I have a Seq2Seq model using an RNN encoder and decoder (either LSTM or GRU). Both encoder and decoder can have multiple layers as long as the both numbers are the same (so I can directly give the hidden state of the encoder to the encoder).

Now I want to add attention to that model; I’m looking at Luong Attention right now. I understand the general concept as well as existing examples I can found online. However, all the examples I’ve found so far use only one layer for (at least) the decoder.
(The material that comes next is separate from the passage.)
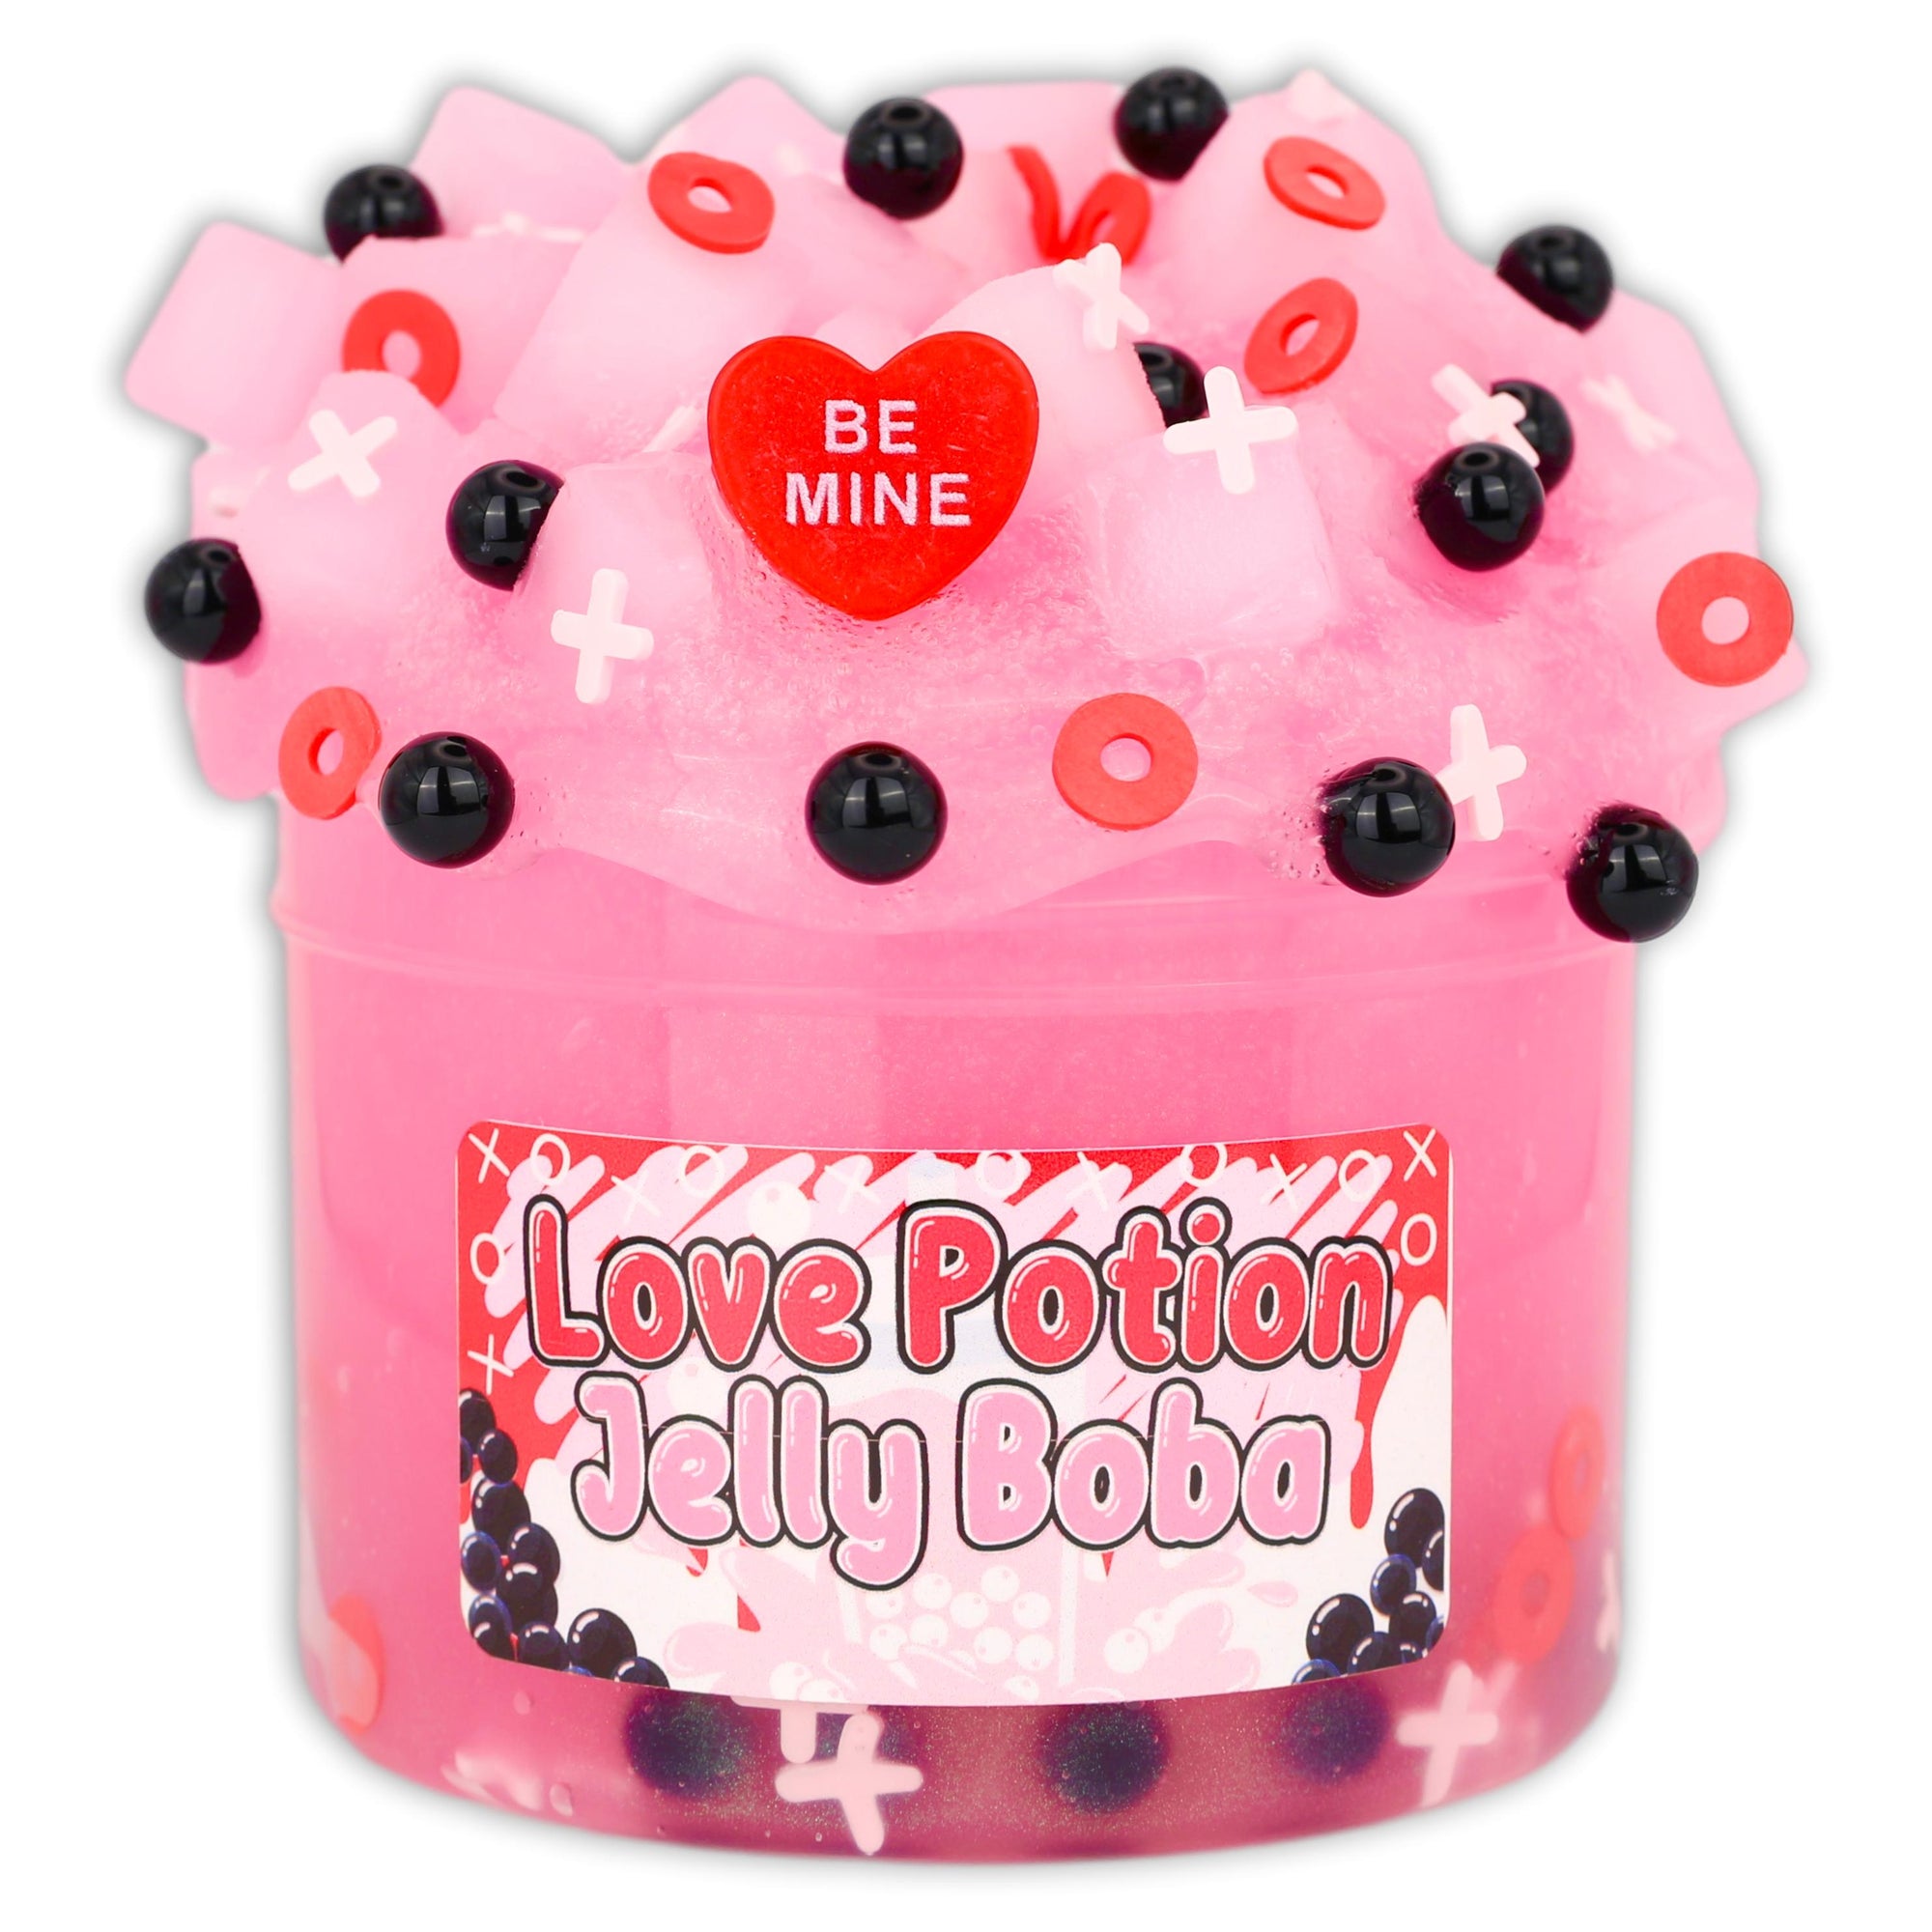 Love Potion Jelly Boba Jelly Cube Slime - Shop Valentines Slime

For the decoder I have the following value for the calculation of the attention weights:

```
encoder_outputs # encoder_outputs.shape = (batch_size, seq_len, hidden_dim)
hidden # hidden.shape = (num_layers, batch_size, hidden_dim)
```

I now see two alternatives:

(1) I use only the last layer of the decoder, in line with all the examples. In this case, I get 1 attention weight for each token in the encoder output

```
hidden = hidden[-1].unsqueeze(2) # hidden.shape = (batch_size, hidden_dim, 1)
attn_weights = torch.bmm(encoder_outputs, hidden).squeeze(2)
# attn_weights.shape = (batch_size, seq_len)
```

(2) I consider all `num_layers`

layers. In this case, I get `num_layers`

attention weight for each token in the encoder output

```
hidden = hidden.permute(1,2,0) # hidden.shape = (batch_size, hidden_dim, num_layers)
attn_weights = torch.bmm(encoder_outputs, hidden)
# attn_weights.shape = (batch_size, seq_len, num_layers)
```

At the end of the day, I only want 1 attention weight for each token in the encoder output. So I could do `attn_weights[:,:,-1]`

(take the weights of last layer) or `torch.sum(attn_weights, dim=2)`

(sum up weights for all layers) to get the required shape of `(batch_size, seq_len)`

Long story short, are there some valid arguments to favor one approach over the other? In case of considering multiple layers, are the weights of the “non-last” layers more or less meaningful?